Ritko put his pad away. This was worthless. The ER was filling with Deputies, FBI, doctors and nurses. Agent James lay inside a chalk line.
“I'll tell you about the shooter. Big, course hands. Tight-end hands,” said the old man. "Had a wrist tattoo of a snake. It was all red."
The old man’s eyes were jerking, either from fear or meds. Ritko had his first clue. “Red like fresh and raw or red ink?” he asked.
“Red ink,” said the man. “With three letters around the snake’s head: R.I.P.” Seems like an odd name, don’t it? Rip. Like that actor.”
Ritko knew exactly what it meant. The shooter was, indeed, not a woman. He was a man named Fussell Duware – Ritko’s ex-partner.

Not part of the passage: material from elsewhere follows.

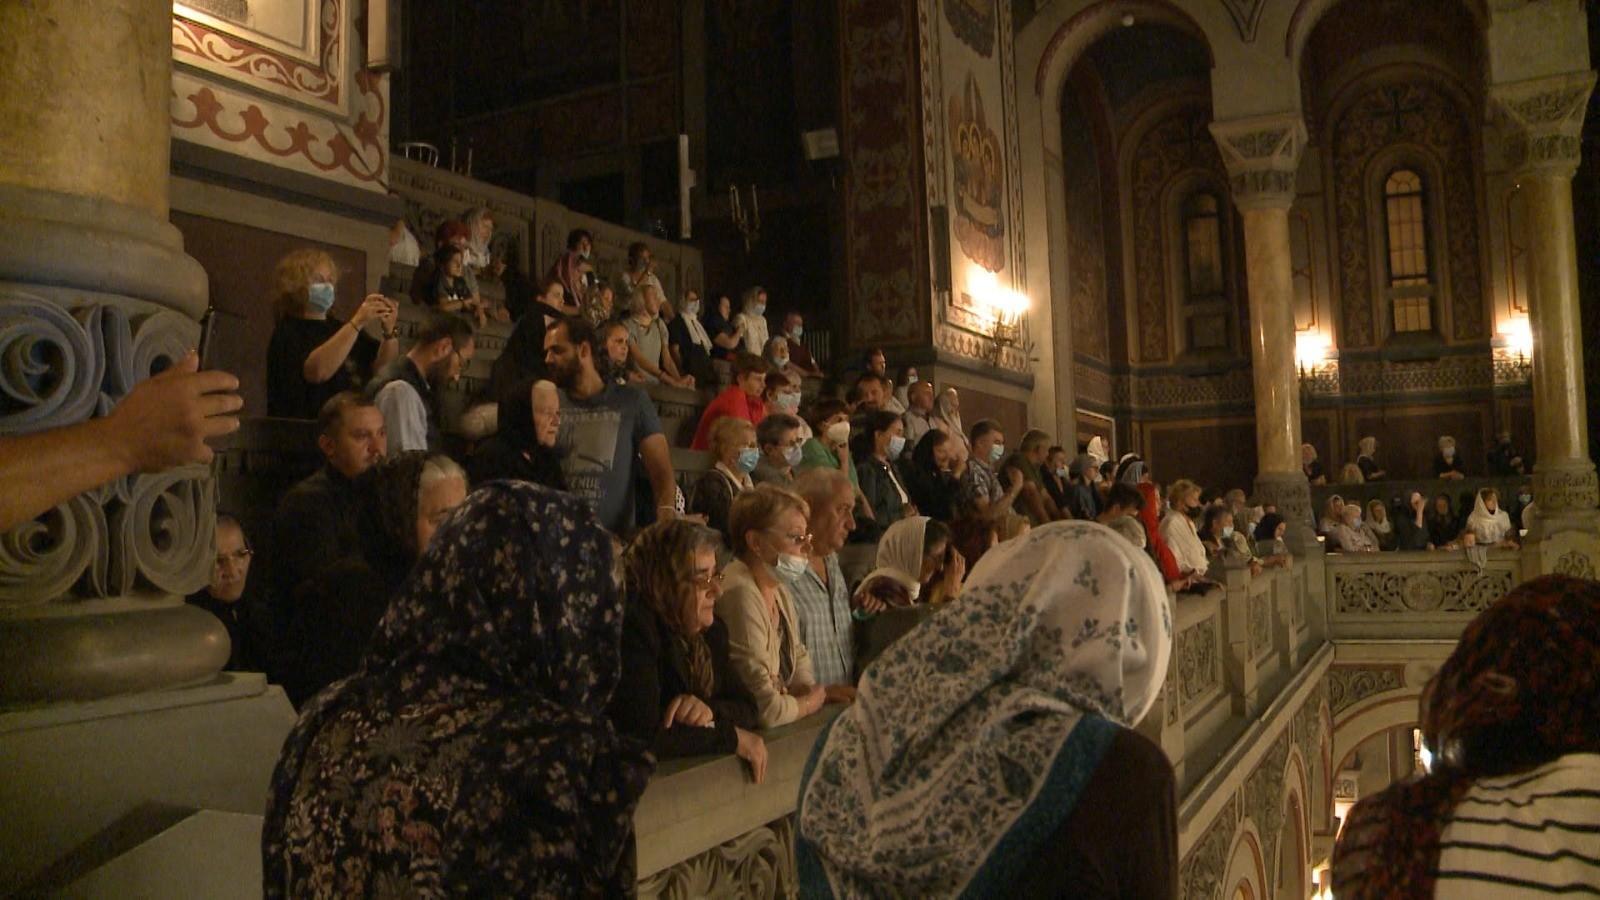 """Mii de credincioşi s-au adunat la procesiunea de la Timişoara, pentru a se închina la moaştele Sfântului Iosif. """"Mi-a salvat viaţa"""""""
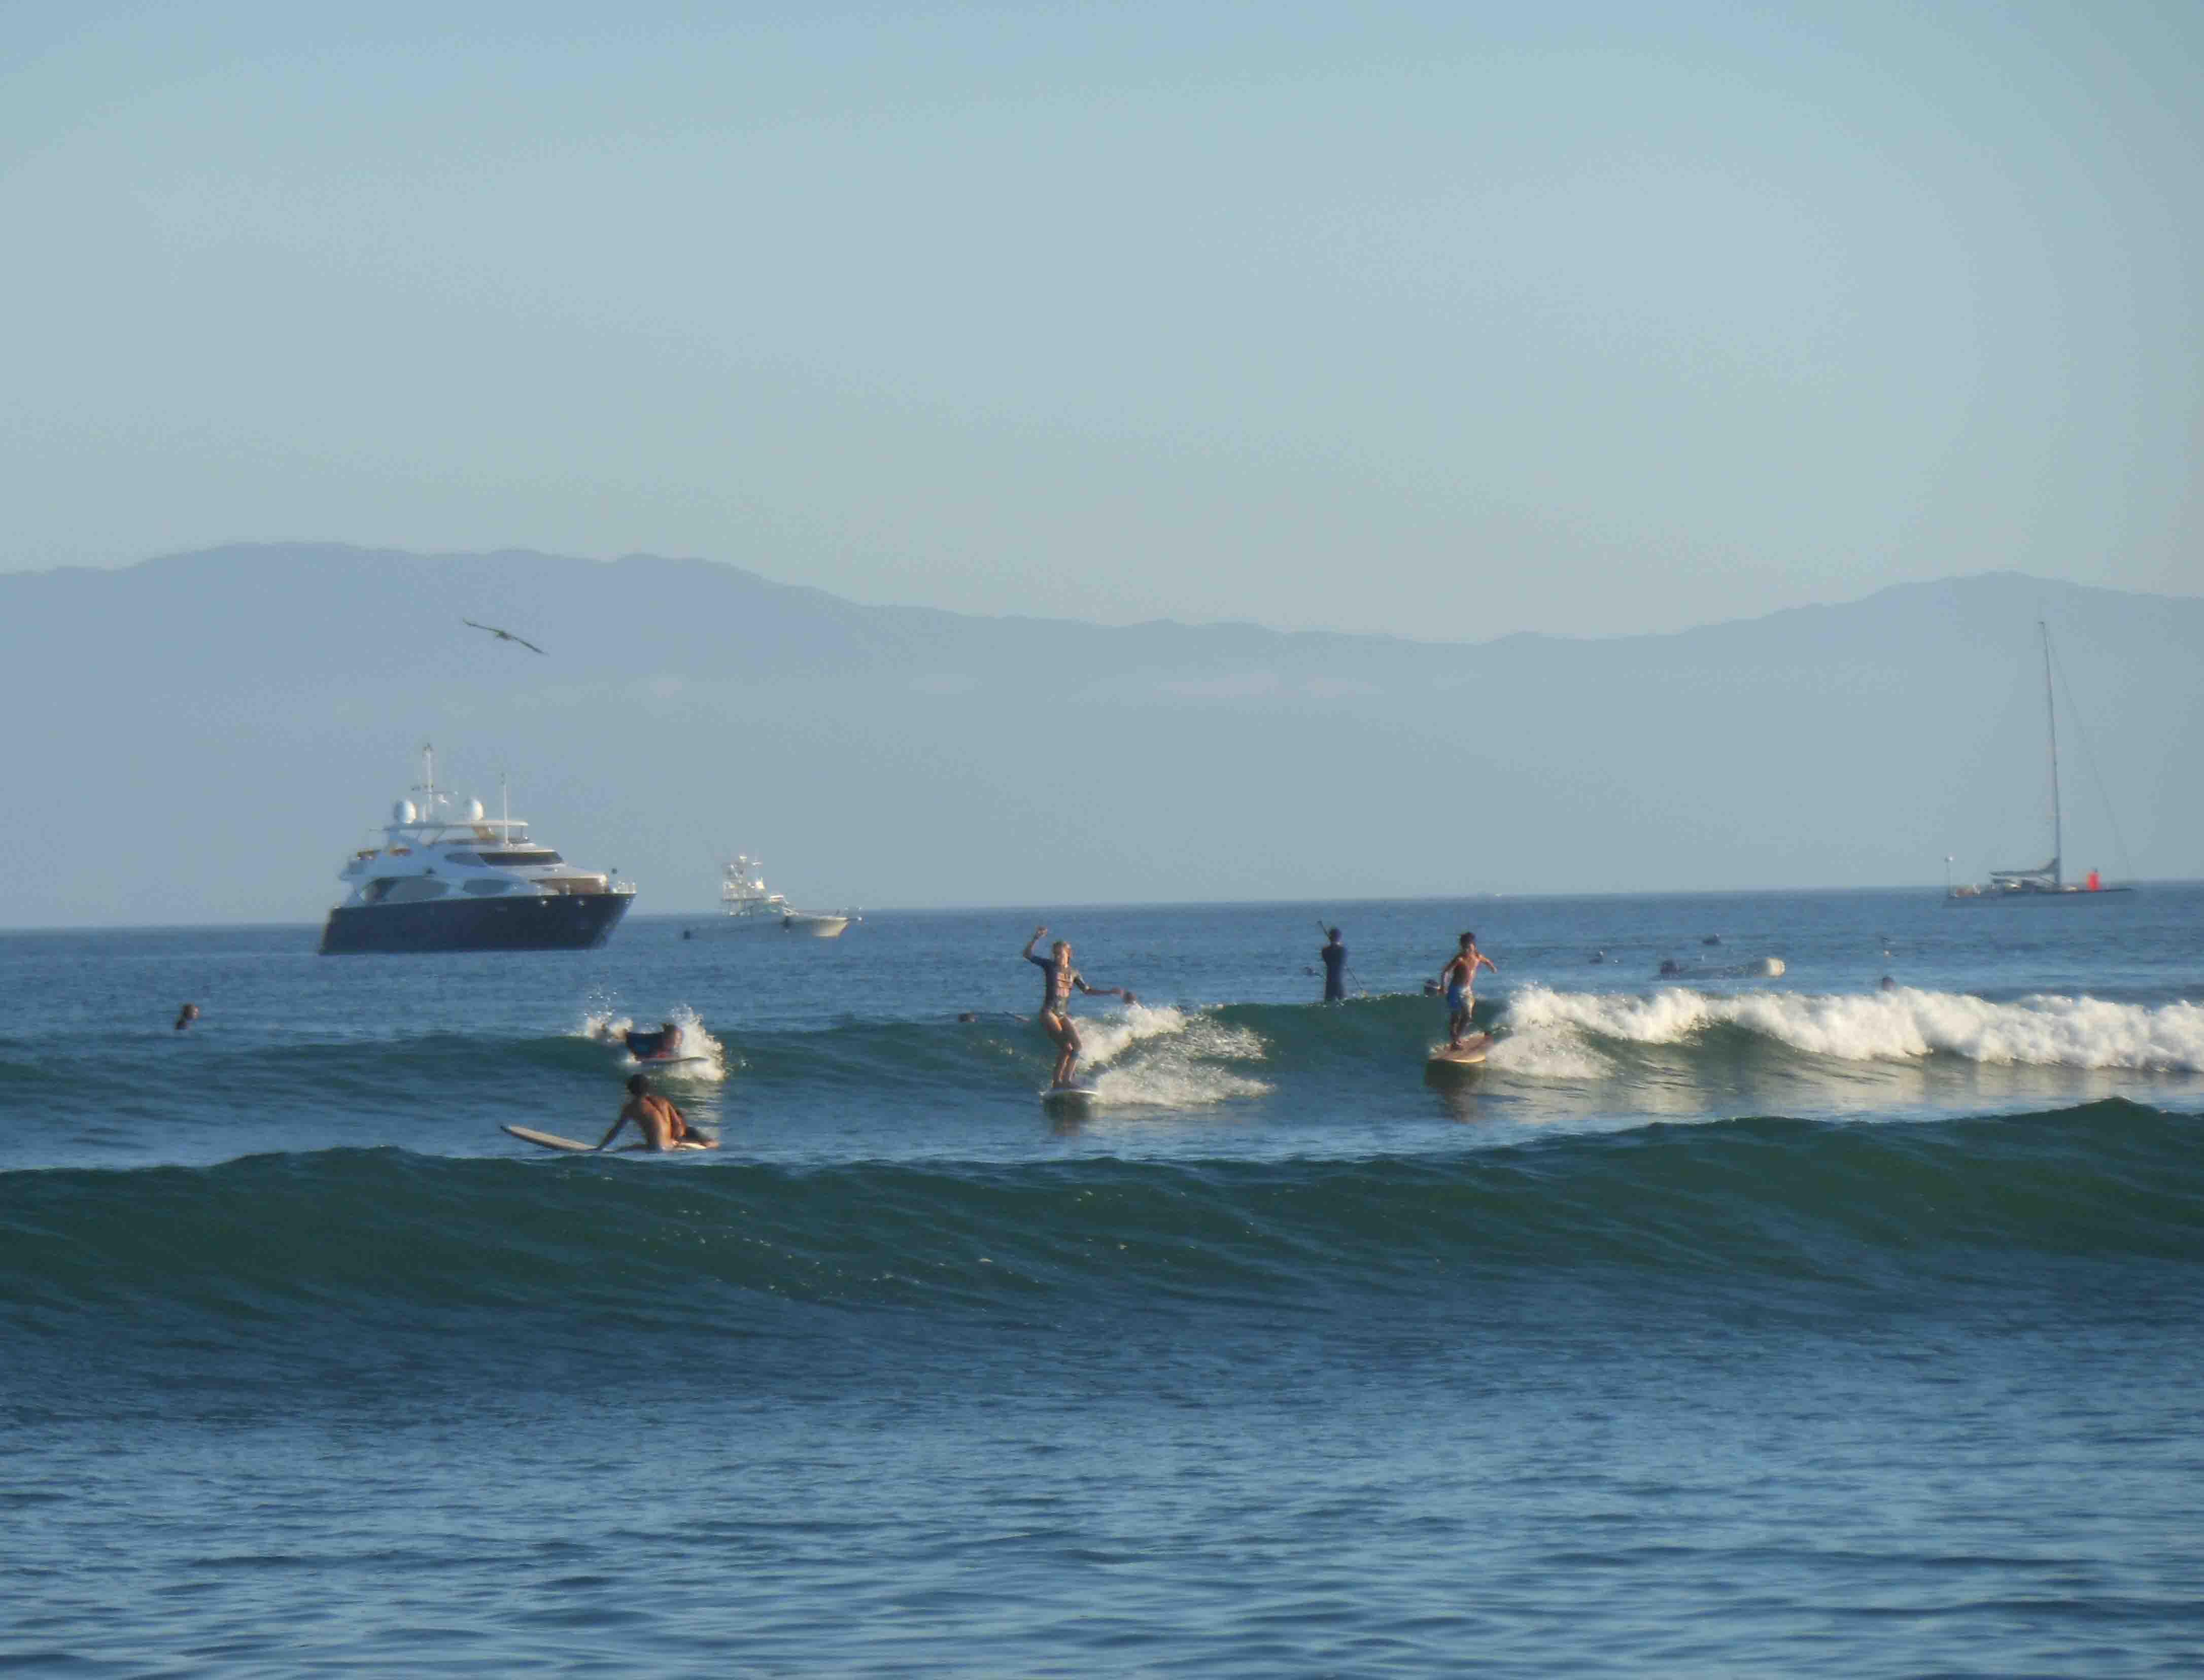 Punta Mita Surfing Punta Mita Surfers

There was only one problem. Duware was dead. Ritko had been with him when he died; or so he thought. He actually never saw a body.
Duware was hit by friendly fire in a raid on a dockside warehouse south of Panama City on Saint Andrew Bay. Ritko had pulled the trigger.
In his business, when a guy goes down, no matter how it happens, it doesn’t happen. There are no records. It’s like he disappears.
The memory of seeing Duware in the water ferreted around in Ritko’s head until a squeaky voice cut through his thoughts.
“Jimmy Gantt will be here soon.” The old woman stared at Ritko like he owed her money. “Or Jolene will. And your snake man will die."